All of our former kindy dc have transferred into and settled into main stream, as we do not yet have a primary school. Many of them made this move at around seven because their parents felt SWE was healthier and wanted their dc to enjoy it as long as possible. This is the intention with my dc. Again, I would ask your local SW school about their experiences, and ask to speak to parents whose dc have made the transition you describe.

FritztheDog Fri 01-May-09 17:47:21

Tizian are you anything to do with Steiner schools?

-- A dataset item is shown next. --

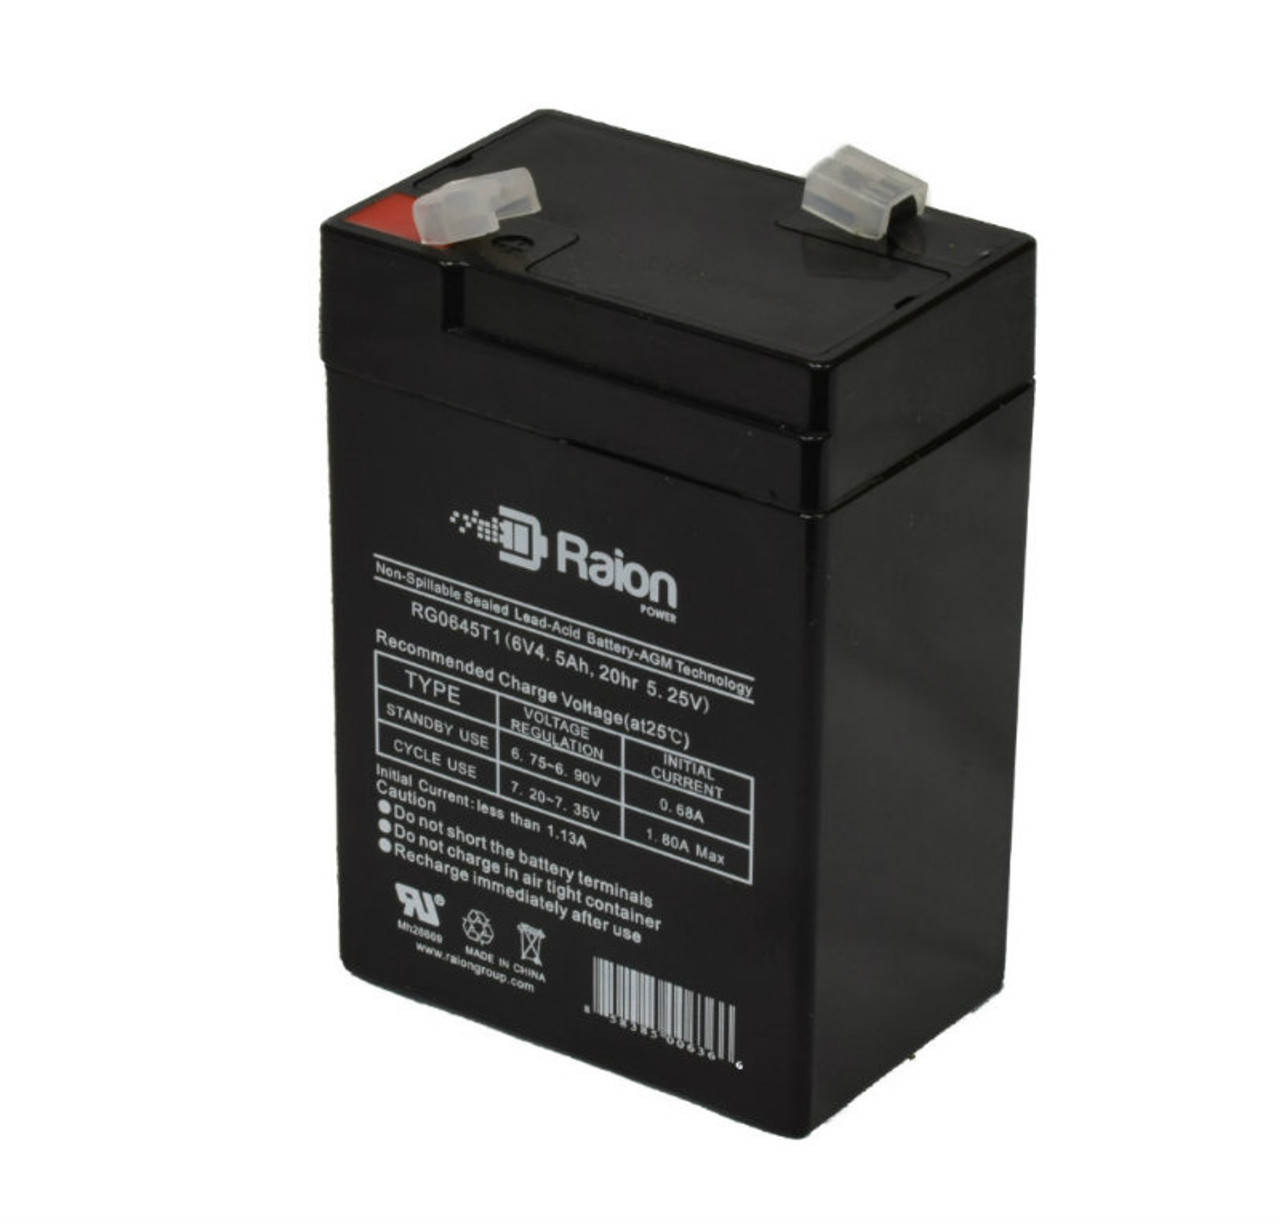 Raion Power RG0645T1 6V 4.5Ah Replacement Battery Cartridge for Welch Allyn CP200 ECG

Or are you just another Mum?

It looks like your "friend" has started a thread so you can post good stuff about Steiner schools after someone on the other thread was in a state because her daughter's teacher said "nigger".

State schools aren't just about computers you know.
It's a low down thing to slag off one system to sell another.
Lurking on the other thread, it sounds like Steiner schools are sold as the antithesis to a "poor" state system, but turn out to be a kind of quasi-religion and a very strange one at that.

Anyway, Steiner schools don't encourage reading do they? [hmn]

Tizian Fri 01-May-09 23:08:17

"Steiner schools don't encourage reading do they?"

Learning to Read & Write in the Waldorf Schools is different than in public schools. It's done in a different way, using an artistic approach and learning to write before they learn to read. They also learn at a different pace, but they do learn to read and once they have learnt it, they need no encouragement to like it. One difference between public and Steiner school pupils according to a recent study is that the Steiner pupils tend to continue to enjoy learning new things when they have finished school, more than publis school pupils.

MANATEEequineOHARA Fri 01-May-09 23:30:17

{hmm} @ 'before Northern et al arrived on the scene!

Northern being someone who had a negative experience at a Steiner School. So et al meaning the others who also had negative experiences??? Well then without 'Northern et al' the conversation would never have been balanced would it? (perhaps also known as one with much influence from Percy Bratt et al!!!???) Incidently that has never been the case really, even reading the linked threads, things seem to go wrong in Steiner Schools at a higher rate per population than any other school.

Btw Northern, you do seen to be something of a celebrity grin

sagacious Fri 01-May-09 23:50:04

sooo this has turned into a typical steiner thread then grin

Am arfing at google alerts

Do you think theres a little flashing light or a light up bat whirring at Steiner HQ?